*** STORED DATA

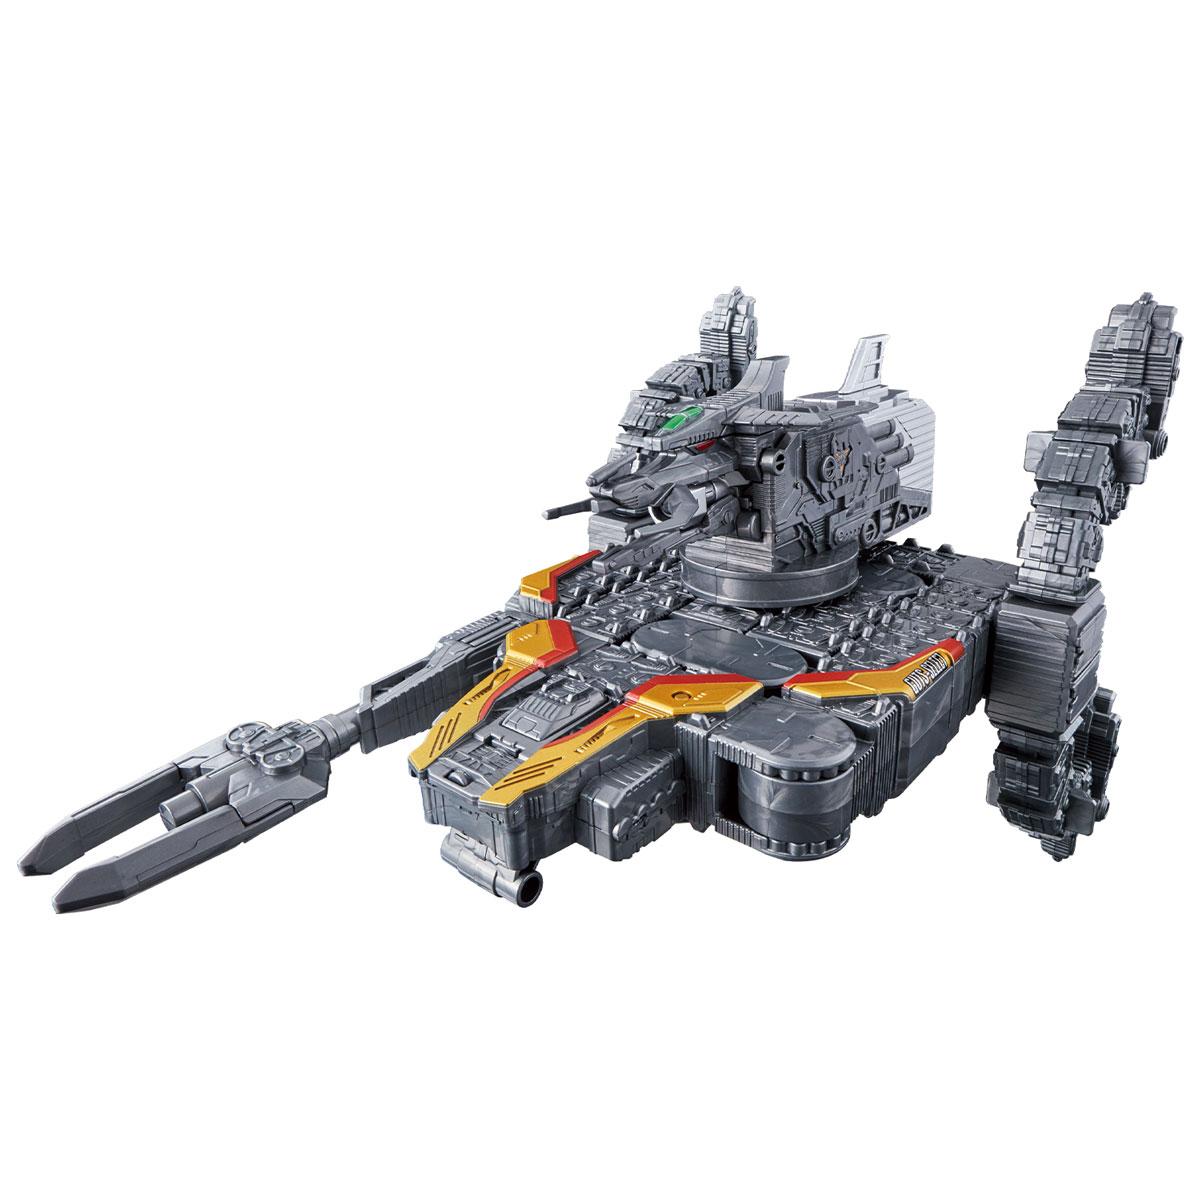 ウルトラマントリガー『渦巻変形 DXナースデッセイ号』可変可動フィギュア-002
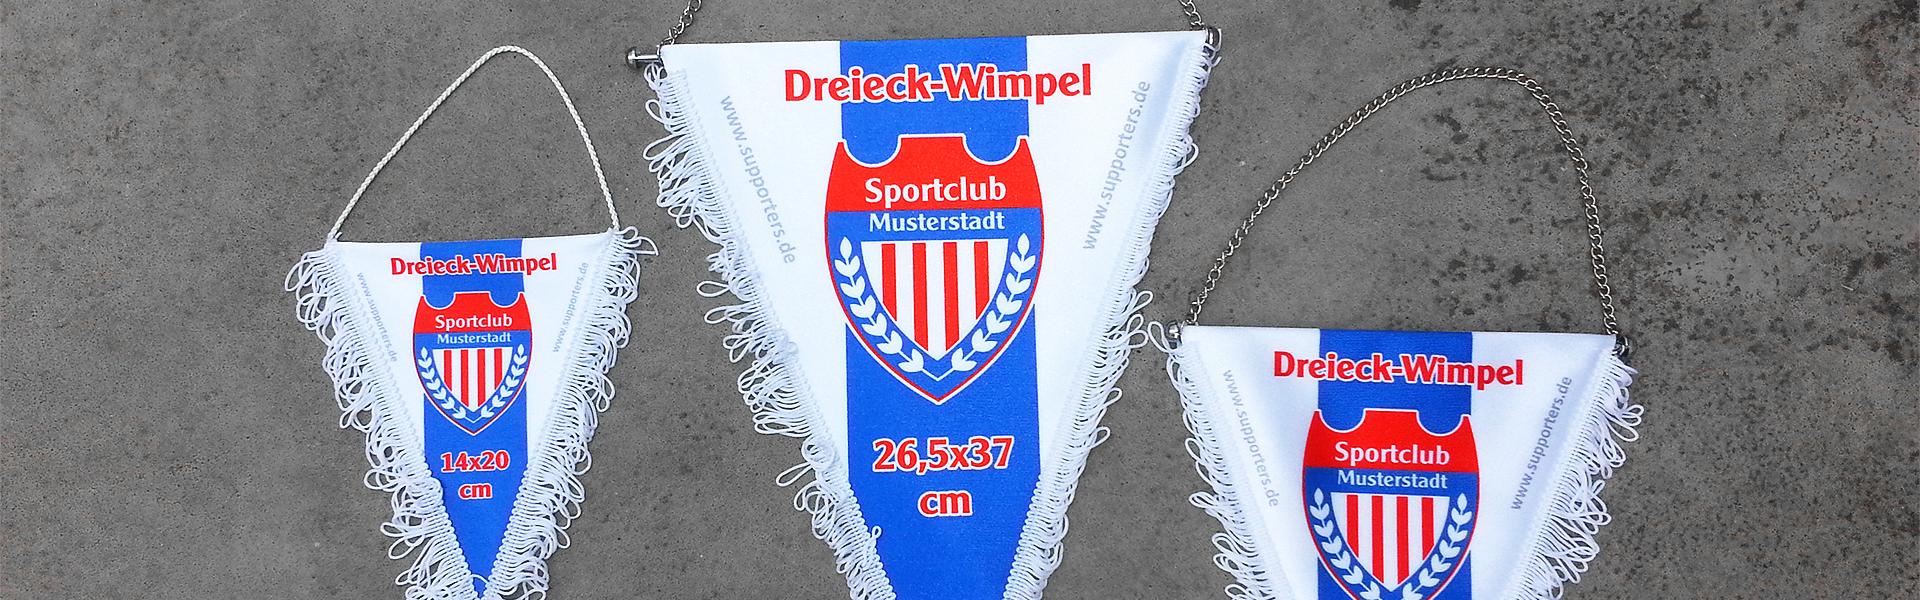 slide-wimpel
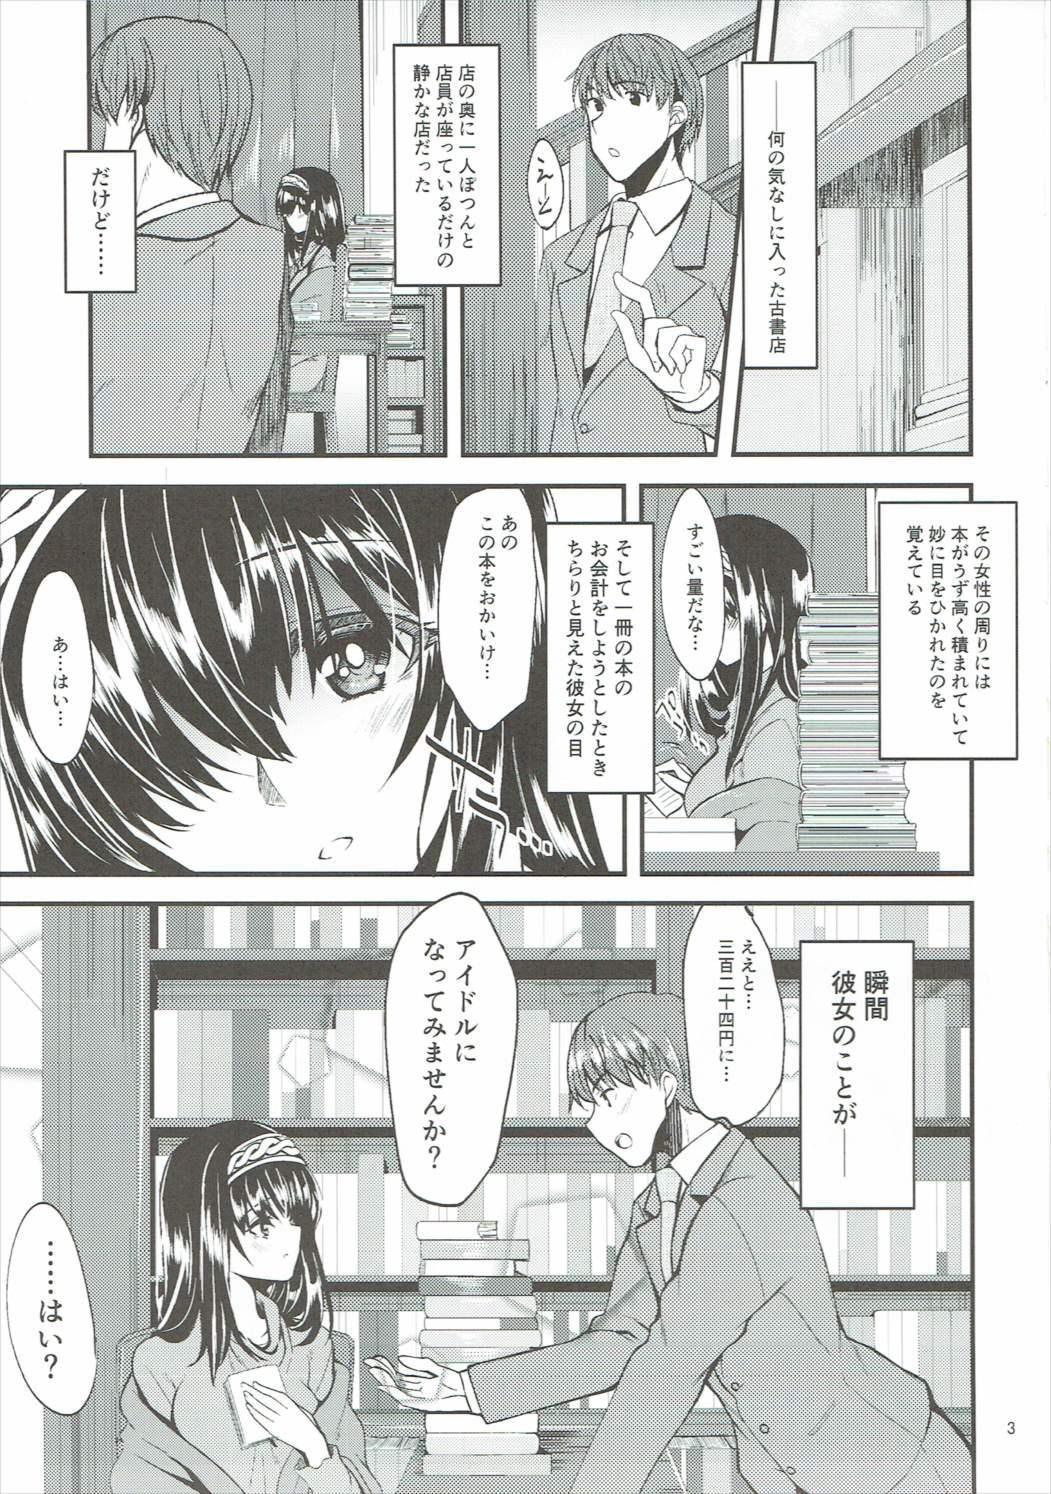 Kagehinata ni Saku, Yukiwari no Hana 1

******

Line by line, reproduce the material above exactly, leaving each picture out.

 ウルトラマントリガー『渦巻変形 DXナースデッセイ号』可変可動フィギュア-002
 slide-wimpel
 Kagehinata ni Saku, Yukiwari no Hana 1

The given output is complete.